The square jawed round face:
- As a rule of thumb, a round face will look clearly attractive, even without hair surrounding it, since our visual cortex will recognize it instantly without having the additional information of what gender, what status and what rough age a person is expected to be.
- A round face isn't round because it has a round shape from a certain angle. The word 'round' rather describes the aggregate of all attributes of a face as somewhat round-ish, rather than e.g. hollow, bulky, pointy or flat. If you look at the face from a different angle, it still looks like the same entity, the same way a sphere looks the same from every angle. It is coherent.
- The word 'round' also describes that the necessary edges, like nose, lower jaw, chin and cheekbones, don't disrupt the balance of the face in any way. Healthy skin should have enough volume to dampen the clear lines which mere bones can draw onto a face. If it does not, it seems the bones are either too big for the face or the skin contains too little fat and water.

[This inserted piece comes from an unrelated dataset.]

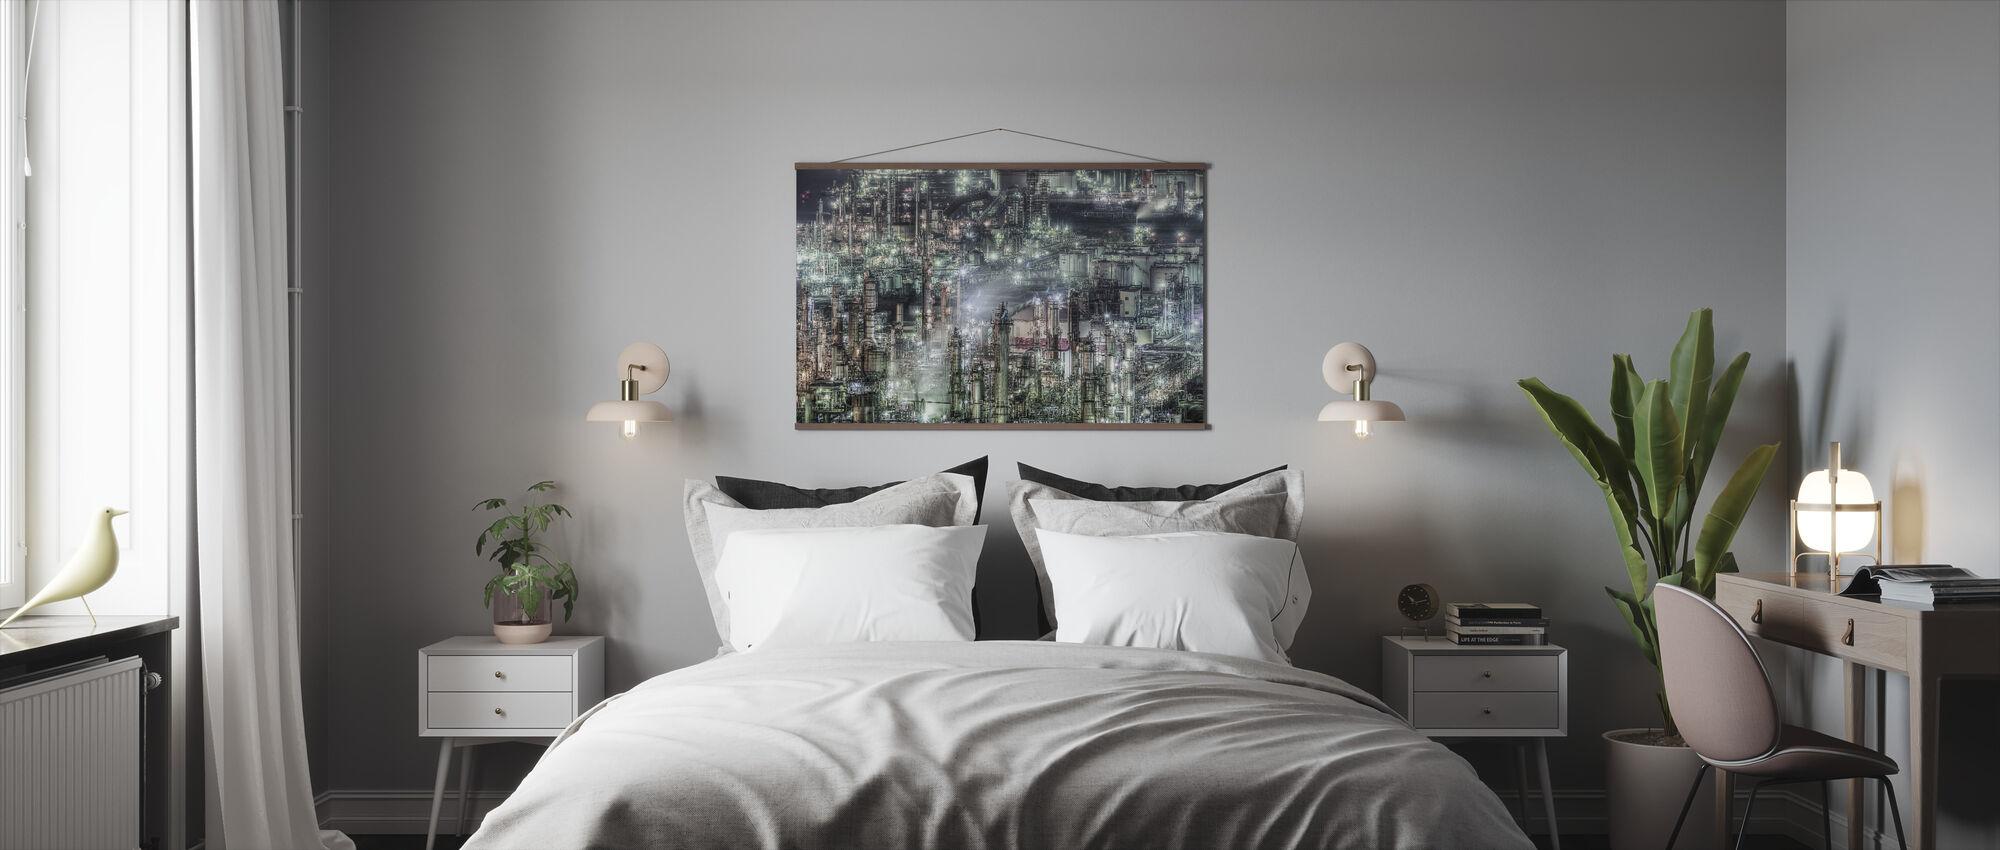 Jungle - Poster - Bedroom

- The front half of the lower jaw is at an angle almost horizontal to the ground and almost vertical to the neck.
- The lower jaw is shaped in one single line from the end of the ramus to the chin.
- The jaw seems wide, meaning there must be a rather short distance between eyes and mouth and/or the eyes must be placed rather widely apart.
- From front and side view, the ramus is almost vertical to the ground.
- There should be little to no folds from the nose to the edges of the mouth, when the mouth is closed and relaxed. When the person smiles baring their upper teeth, one should see only a slight shadow on both sides of the upper jaw alongside the molars.
- Both upper and lower jaw should be visible through the skin, which is achieved through facial muscles, well distributed fascia, low body fat percentage and healthy bone mass.
- The lower jaw should have grown together completely.
- The eyelids should only barely be visible.
- Many faces which are narrow could have been much wider, if the woman had grown up more healthily. There are genetics which make faces grow rather narrow, but since it might be hard to know if somebody grew up healthily or not, it's easier to just ignore all narrow faces. This means very healthy women are getting excluded from consideration for unnatural standards nobody has any control over. That's ok.
- A round face cannot have underwent any plastic surgery or major jaw surgery.
- A round face should be rated without makeup, if possible.
If anybody finds any square jawed, round faced women, feel free to post them here. Not sure, though, if it's possible to outshine the common genetic freak, anorexic-type of square jaw this way.